Time bombs are so 1990s

If you’re a software vendor, don’t time bomb your product such that if I don’t spend the next month of my life dedicated to your product, I’m locked. Do something a little more intelligent… like a 100 hours of use or something. Enough to get me addicted. At this point, I am reluctant to either sign up for any service or download any software using wall clock time bombing. The only track I’ll leave on your web site is an IP address and a bounce.

You should consider offering money back guarantees as well.

A contact is a prospect

Consider treating anyone that contacts you as a prospect. Not a lead. Especially not a cost. Treat them as a prospect and sell them something.

Here’s the deal: if I take the time to contact your business, I’m probably interested in buying. I’m definitely interested in qualifying either myself as your customer or you as a vendor. Sure, it may turn out I’m a “tire kicker,” but have I’ve given you my attention. If we’re a bad match, send me off to someone who can help me out. I’ll still be a prospect for future sales. You have nothing to lose, and a customer to gain.

I contact maybe 10% of all the businesses I investigate. Probably less. Note that I am a software professional, and that when I provide technical feedback, even complaints concerning your product, I am giving you the gift of my time. You can view me as a pain in the butt, or you can say to yourself “My product/software caused an emotional reaction in this person… let’s see why that happened… and how I can benefit from such passion.” Think about it.

Furthermore…

If I have a question or a comment concerning something you regard as a core business element (perhaps concerning some operational detail of your web service), it’s safe to assume that many other people have had a similar experience and have not taken the time to contact you about it. Not responding to such queries may cost you. Ignore all such queries… it will cost you.
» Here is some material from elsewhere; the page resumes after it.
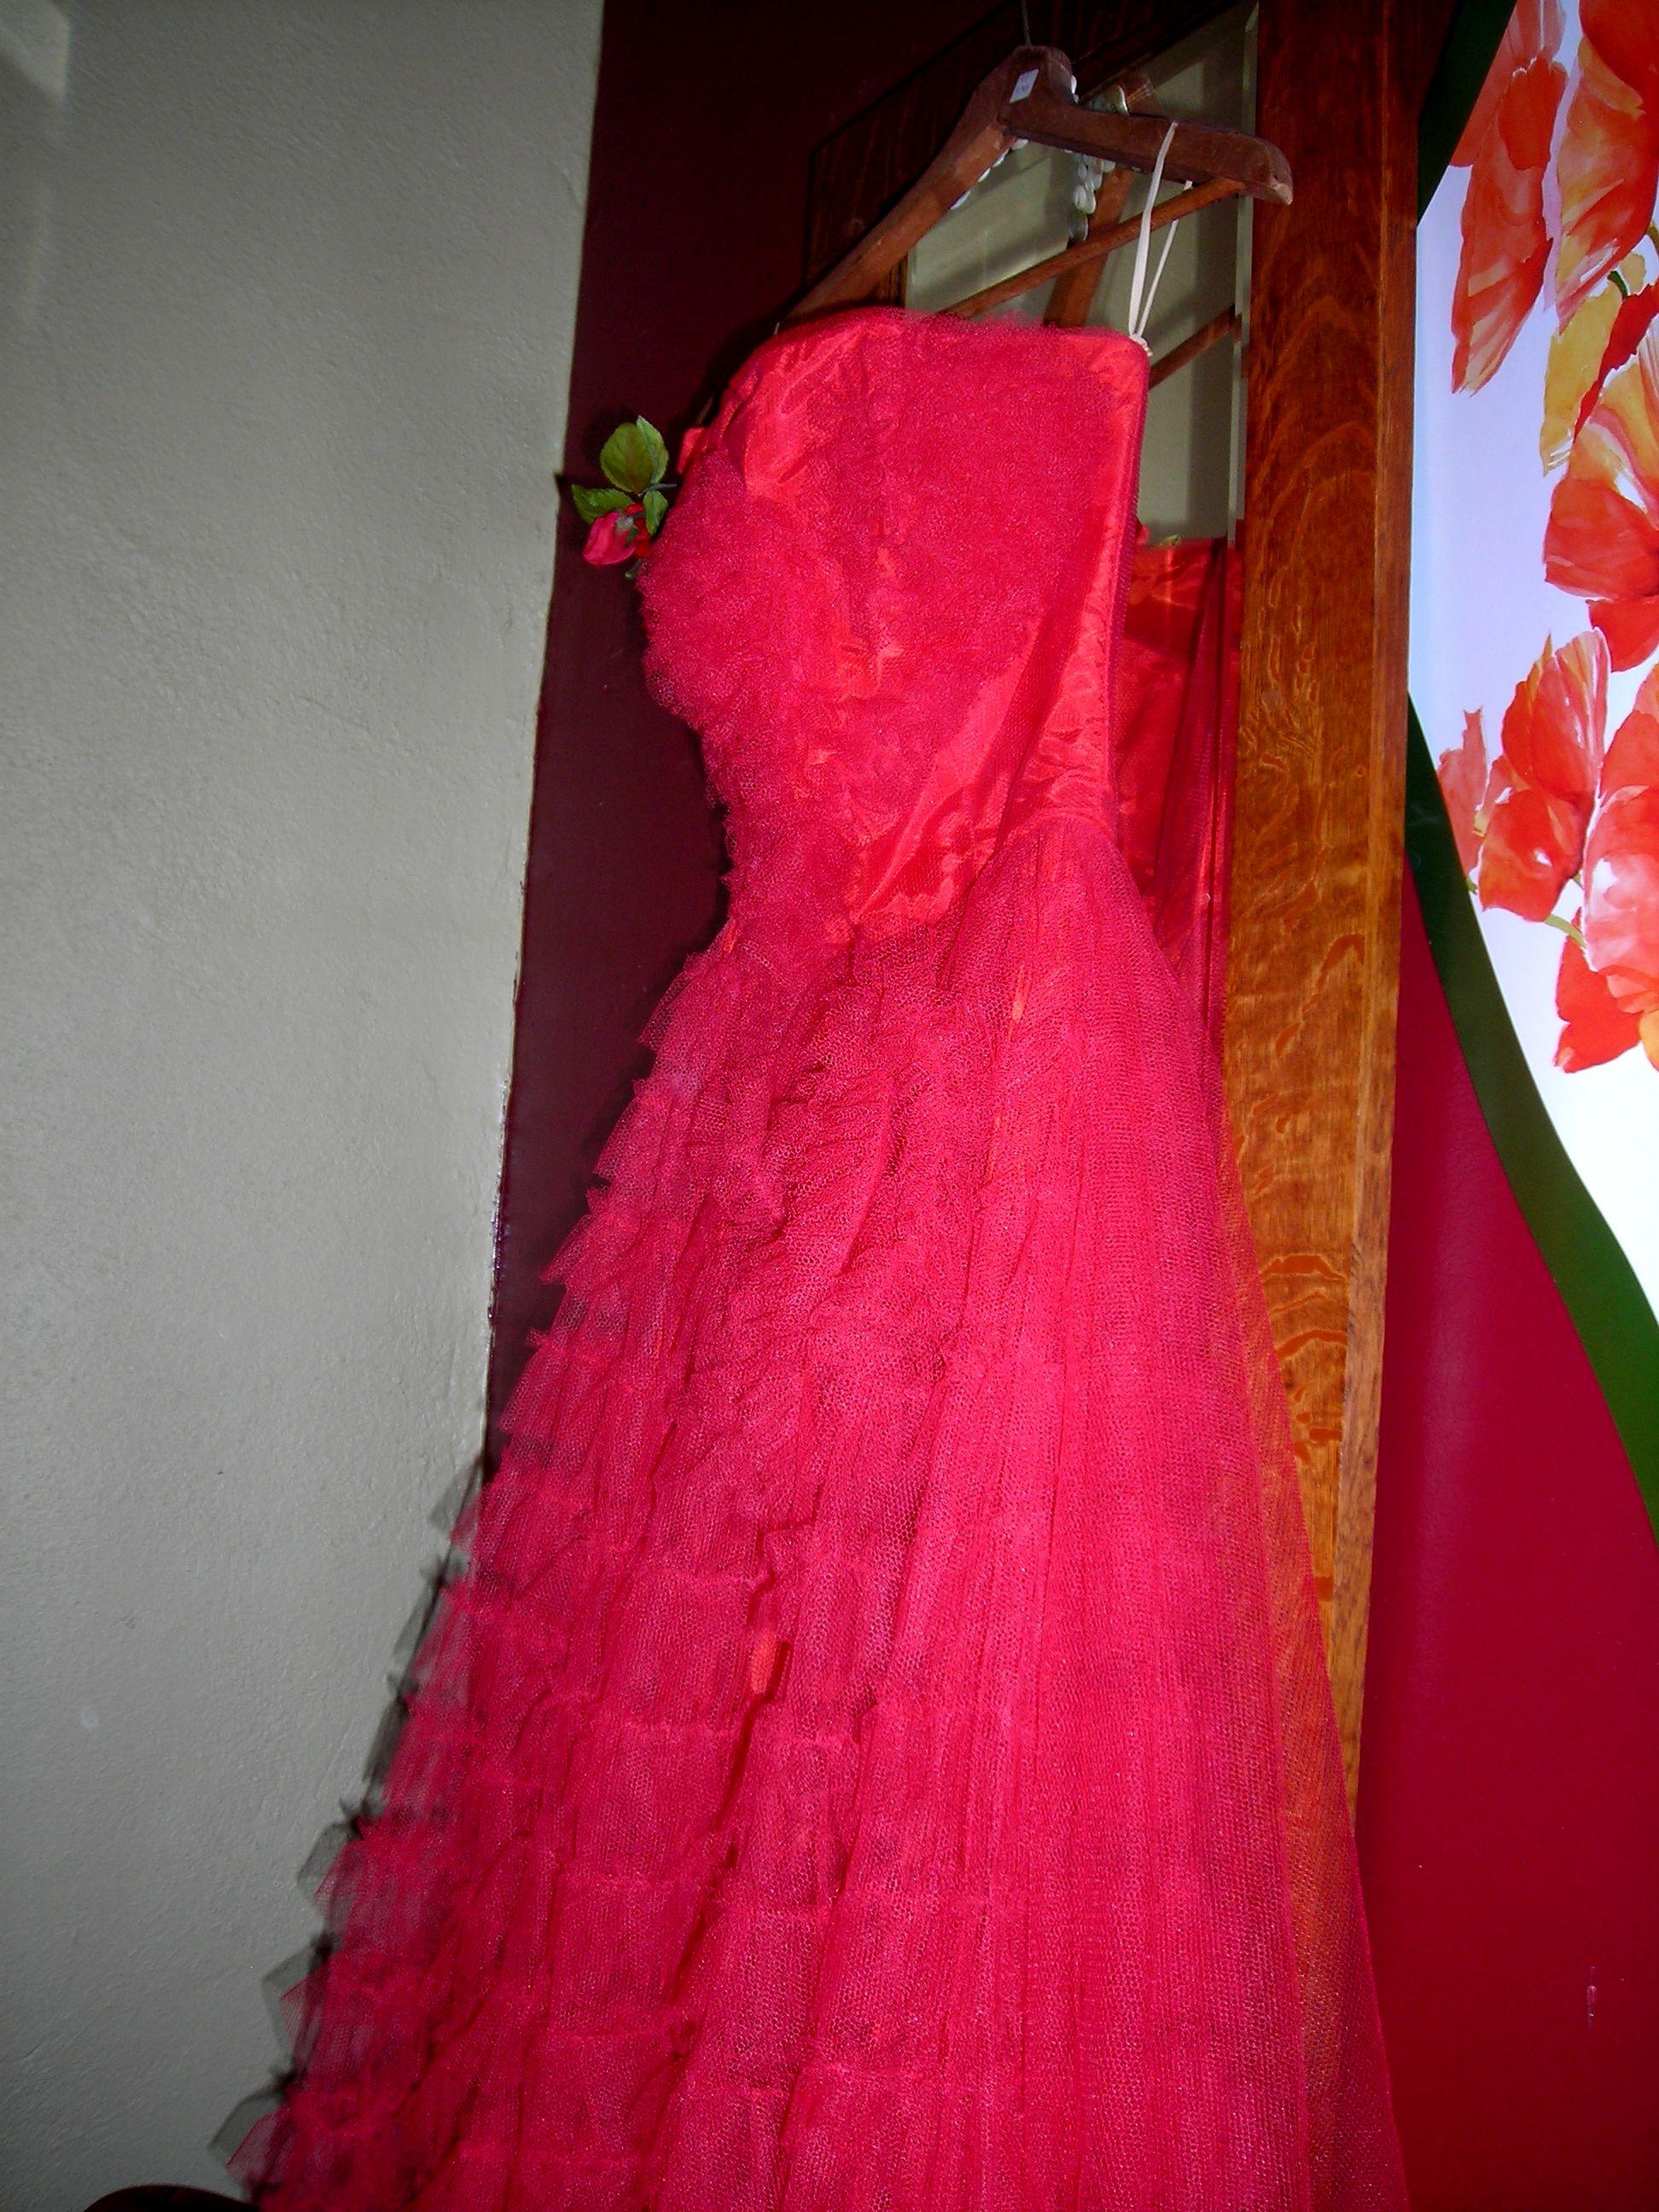 red fru fru dress in the little girls' room!

Customers are so inconvenient

For example, consider Intuit with their Quickbooks product. Inspires loathing in users. So much so that at least one accountant I contacted last year (who is also a tax attorney) categorically refused to examine my small business accounts. The accountant I did use doesn’t like it either, but it’s what her customers use, so she deals with it.

Some relevant facts here:

  1. I have never contacted Intuit, and never plan to. Their whole business model of customer lockin resembles Microsoft, Adobe, Autodesk and other corporations who regard customers as inconveniences. Why waste my time given horrible experiences with similar companies?
  2. I do not want to purchase QB 2008/2009, even though I may be forced to sooner than later. I will resent this purchase at least as much as I resent Microsoft forcing me to purchase Vista. QB 2006 doesn’t run on Vista, so I have to keep an old laptop in service, just to do my accounting. Or spend money to upgrade Quickbooks. That’s a bunch of crap. I resent it. I’d gladly pay a small fee for a 2006 upgrade for Vista instead.
  3. IIRC Inuit lost a pile of money last year.

I don’t know if these facts are related, but if I were running Intuit, you better believe I would be looking into it. And if the CEO of a fast-growing company like PBWiki can find my random blog post and contact me personally, someone in customer service at Intuit should easily be able to do the same.

As a result, I am actively investigating alternatives to Quickbooks, and will switch as soon as I can.

On the other hand, there are several really good forums out there for getting Quickbooks help. Intuit is smart to sponsor these, and I appreciate that.

If you, as service vendor, software producer, or internet marketer think all of the above is pure crap, I suggest you to do a little research on the Attention Crash. Then think again how to capture enough of my time to persuade me to purchase.